Academic background
- Alma mater: University of Leeds; University of Nottingham;
- Thesis: Negativity and Information in Campaign Advertising (2010)
- Doctoral advisor: Cees van der Eijk, Phil Cowley, Will Lowe
- Other advisors: Joern Dosch, Chris Dent

Academic work
- Discipline: Political science; Political sociology; Sinology;
- Sub-discipline: Political communications; Foreign policy of China; Taiwan studies;
- Institutions: Asia Research Institute, University of Nottingham

Head of China Programmes at the Asia Research Institute
- Incumbent
- Assumed office 2018

Director of the China Policy Institute
- In office 2014–2018
- Preceded by: Steve Tsang

Director of the Research, Institute of Contemporary Chinese Studies
- In office 2012–2014
- Website: jonlsullivan.com

= Jonathan Sullivan =

British political scientist and Sinologist

Jonathan Sullivan (Chinese: 蘇立文) is a British political scientist and Sinologist who researches political communications in China, Taiwan and other East Asian contexts, China's Internet and cyber-nationalism, studies of the Confucius Institutes, and China's politics of celebrity culture, hip hop and football.

Sullivan is Head of China Programmes at the Asia Research Institute (ARI) and associate professor in Politics and international relations at the University of Nottingham. Sullivan is an editor of The Asia Dialogue, the online journal of the ARI. He is a co-founder of the China Soccer Observatory (CSO) with Simon Chadwick and a member of The China Quarterly Executive Committee.

== Early life and education ==
Sullivan comes from Kent, England. After receiving his bachelor's degree in Modern Chinese Studies and Master's degree in Asia Pacific Studies, all at the University of Leeds, Sullivan went to the University of Nottingham for learning Political science, where he got another master's degree (2005–2006) and completed his PhD (2006–2010).

==Academic career==
From 2009 to 2011, Sullivan was a RCUK Fellow for China, Globalization and Civil Society. In 2012, he moved over to the Institute of Contemporary Chinese Studies, University of Nottingham to work with Steve Tsang, who was Head of the School, as Director of Research. In 2014, Sullivan went back to the School of Politics as Director of the China Policy Institute (CPI).

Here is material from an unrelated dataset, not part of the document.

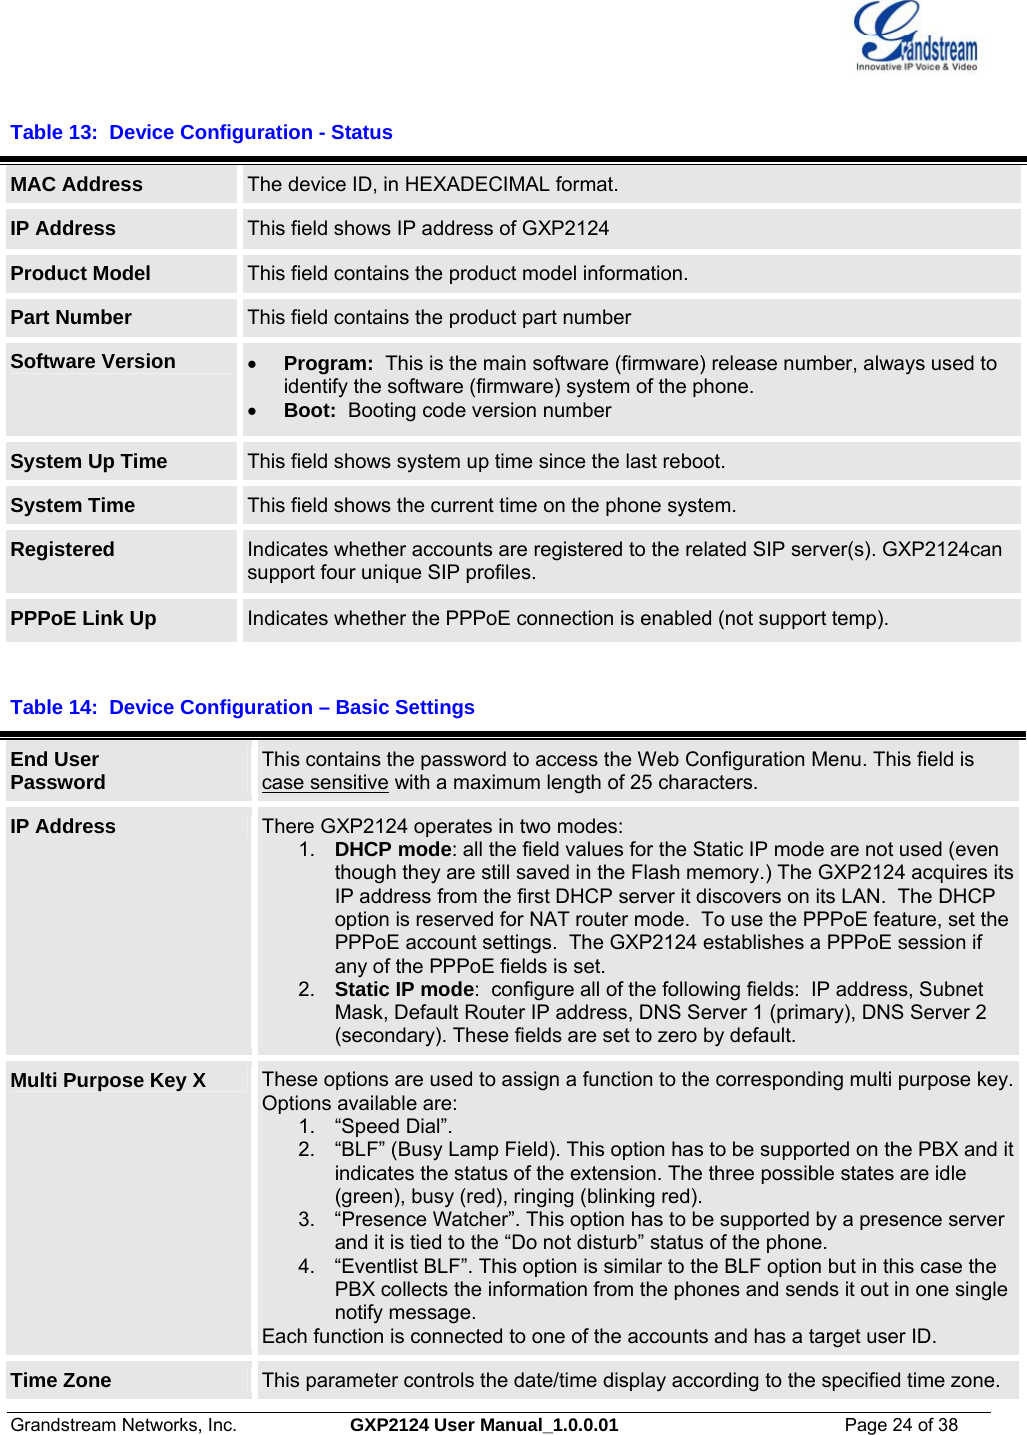  Grandstream Networks, Inc.  GXP2124 User Manual_1.0.0.01  Page 24 of 38                                                                                                                      Table 13:  Device Configuration - Status  MAC Address   The device ID, in HEXADECIMAL format. IP Address  This field shows IP address of GXP2124 Product Model  This field contains the product model information. Part Number  This field contains the product part number Software Version  • Program:  This is the main software (firmware) release number, always used to identify the software (firmware) system of the phone. • Boot:  Booting code version number System Up Time  This field shows system up time since the last reboot. System Time  This field shows the current time on the phone system. Registered  Indicates whether accounts are registered to the related SIP server(s). GXP2124can support four unique SIP profiles. PPPoE Link Up  Indicates whether the PPPoE connection is enabled (not support temp).  Table 14:  Device Configuration – Basic Settings  End User Password  This contains the password to access the Web Configuration Menu. This field is case sensitive with a maximum length of 25 characters. IP Address  There GXP2124 operates in two modes: 1.  DHCP mode: all the field values for the Static IP mode are not used (even though they are still saved in the Flash memory.) The GXP2124 acquires its IP address from the first DHCP server it discovers on its LAN.  The DHCP option is reserved for NAT router mode.  To use the PPPoE feature, set the PPPoE account settings.  The GXP2124 establishes a PPPoE session if any of the PPPoE fields is set. 2.  Static IP mode:  configure all of the following fields:  IP address, Subnet Mask, Default Router IP address, DNS Server 1 (primary), DNS Server 2 (secondary). These fields are set to zero by default. Multi Purpose Key X  These options are used to assign a function to the corresponding multi purpose key.Options available are:  1. “Speed Dial”. 2.  “BLF” (Busy Lamp Field). This option has to be supported on the PBX and it indicates the status of the extension. The three possible states are idle (green), busy (red), ringing (blinking red). 3.  “Presence Watcher”. This option has to be supported by a presence server and it is tied to the “Do not disturb” status of the phone. 4.  “Eventlist BLF”. This option is similar to the BLF option but in this case the PBX collects the information from the phones and sends it out in one single notify message. Each function is connected to one of the accounts and has a target user ID.  Time Zone  This parameter controls the date/time display according to the specified time zone. 
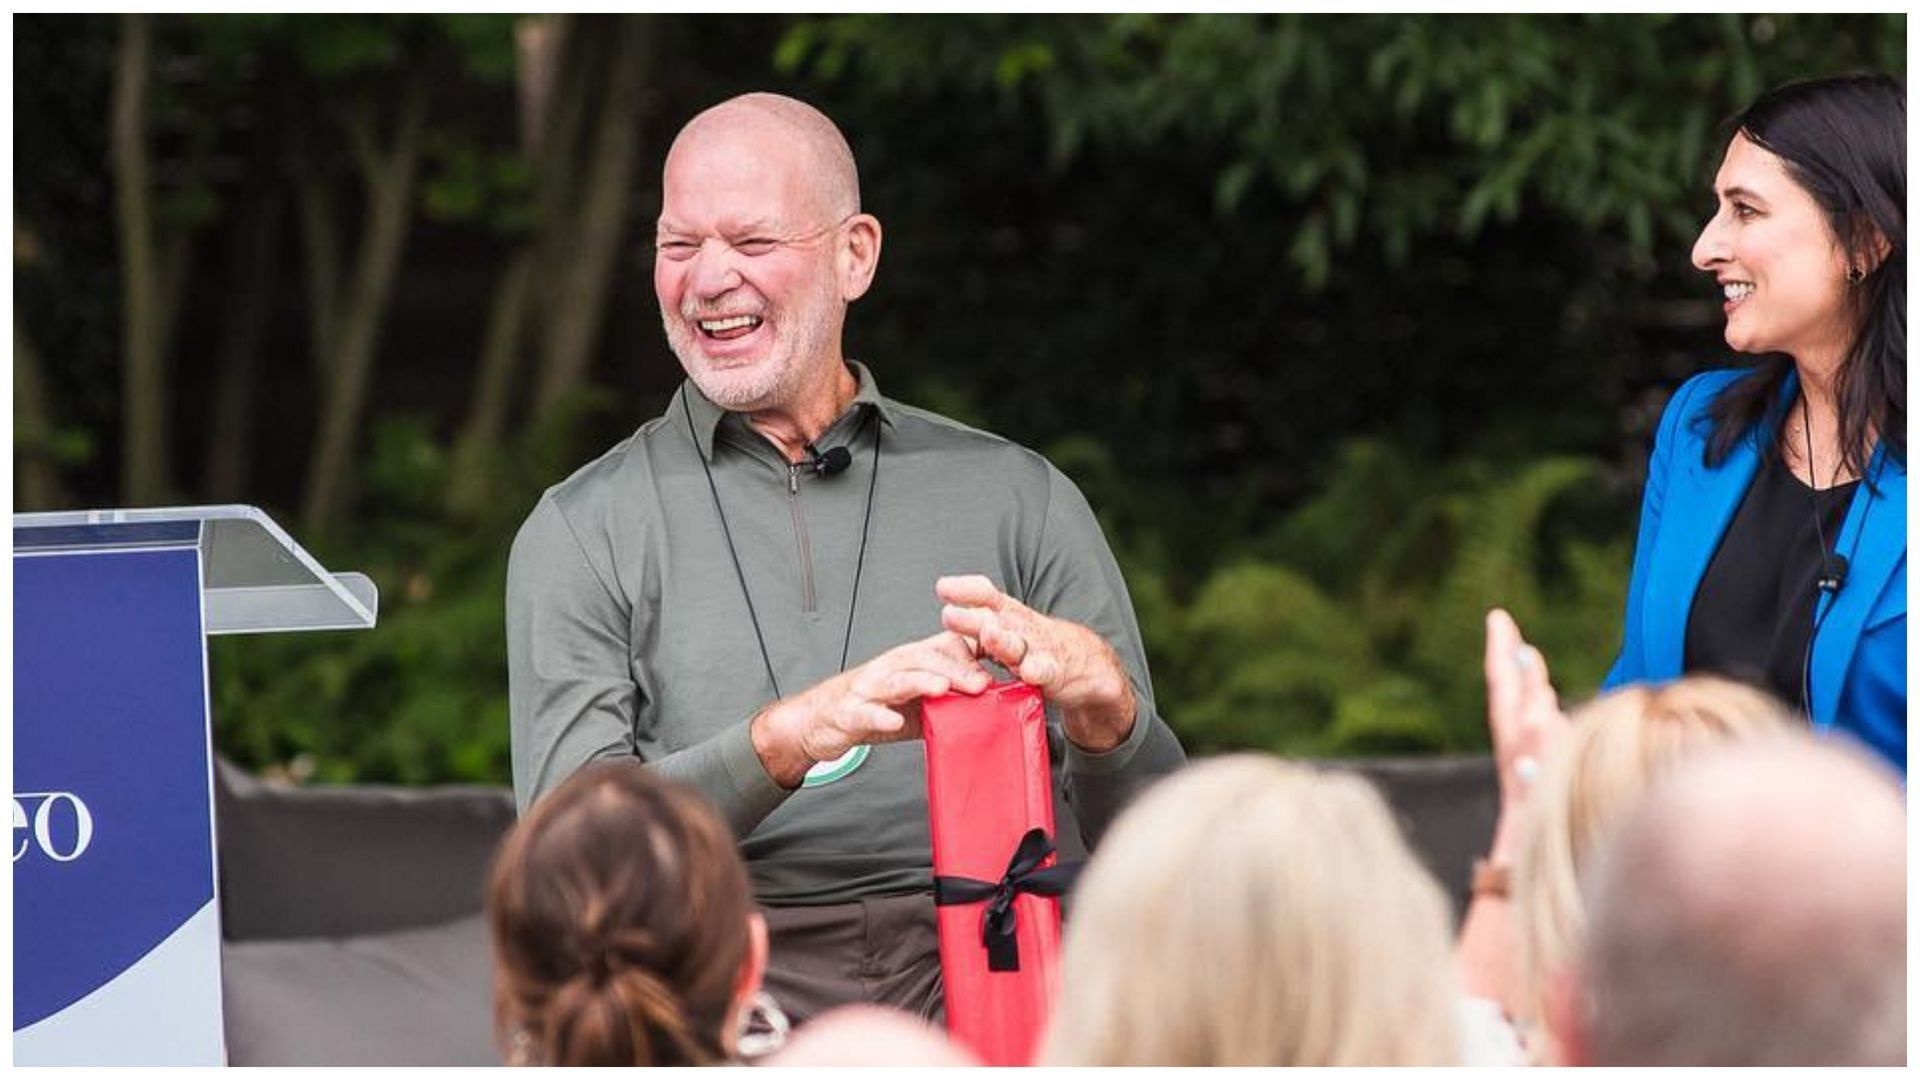 Chip Wilson took aim at his former company in a Forbes interview (Image via Instagram/@chipwilsonofficial)

He was the Director of the CPI and Editor-in-Chief of the institute's online journal China Policy Institute: Analysis until 2018, when the CPI merged into ARI.

Sullivan was a British Science Association media fellow who facilitated a period of work at and writing for the BBC.

== Works ==

=== Books ===
- A New Era in Democratic Taiwan: Trajectories and Turning Points in Politics and Cross-Strait Relations, with Chun-Yi Lee (Routledge, 2018)
- China's Football Dream (Asia Research Institute e-Book, 2018)
- Taiwan: A Contested Democracy Under Threat, with Lev Nachman (Agenda Publishing, 2023)

=== Selected articles ===
- Sullivan, J., & Wang, W. (2022). China's "Wolf Warrior Diplomacy": The Interaction of Formal Diplomacy and Cyber-Nationalism. Journal of Current Chinese Affairs.
- Sullivan, J., Jeu, S. & Wang, W. (2021). Rising Cyber China. Turkish Policy Quarterly.
- Sullivan, J., & Lee, D. S. (2018). Soft Power Runs into Popular Geopolitics: Western Media Frames Democratic Taiwan. International Journal of Taiwan Studies, 1(2), 273–300.
- Sullivan, J. (2014). China's Weibo: Is Faster Different?. New Media & Society, 16(1), 24–37.

=== Selected op-eds ===

- Trump, Taiwan, and the ‘One China’ Policy. The Diplomat. 28 February 2017.
- How the Global Media Frames Taiwan and Gets it Wrong. Global Taiwan Institute 1(13). 14 December 2016.
- Chinese Celebrity and the Soft Power Machine. China Film Insider. 3 April 2016.
- "Asia for Asians": Would it mean "Asia for Chinese?" India-China Chronicle. May–June 2015.
- The Taiwan-China Meeting. The Diplomat. 11 February 2014.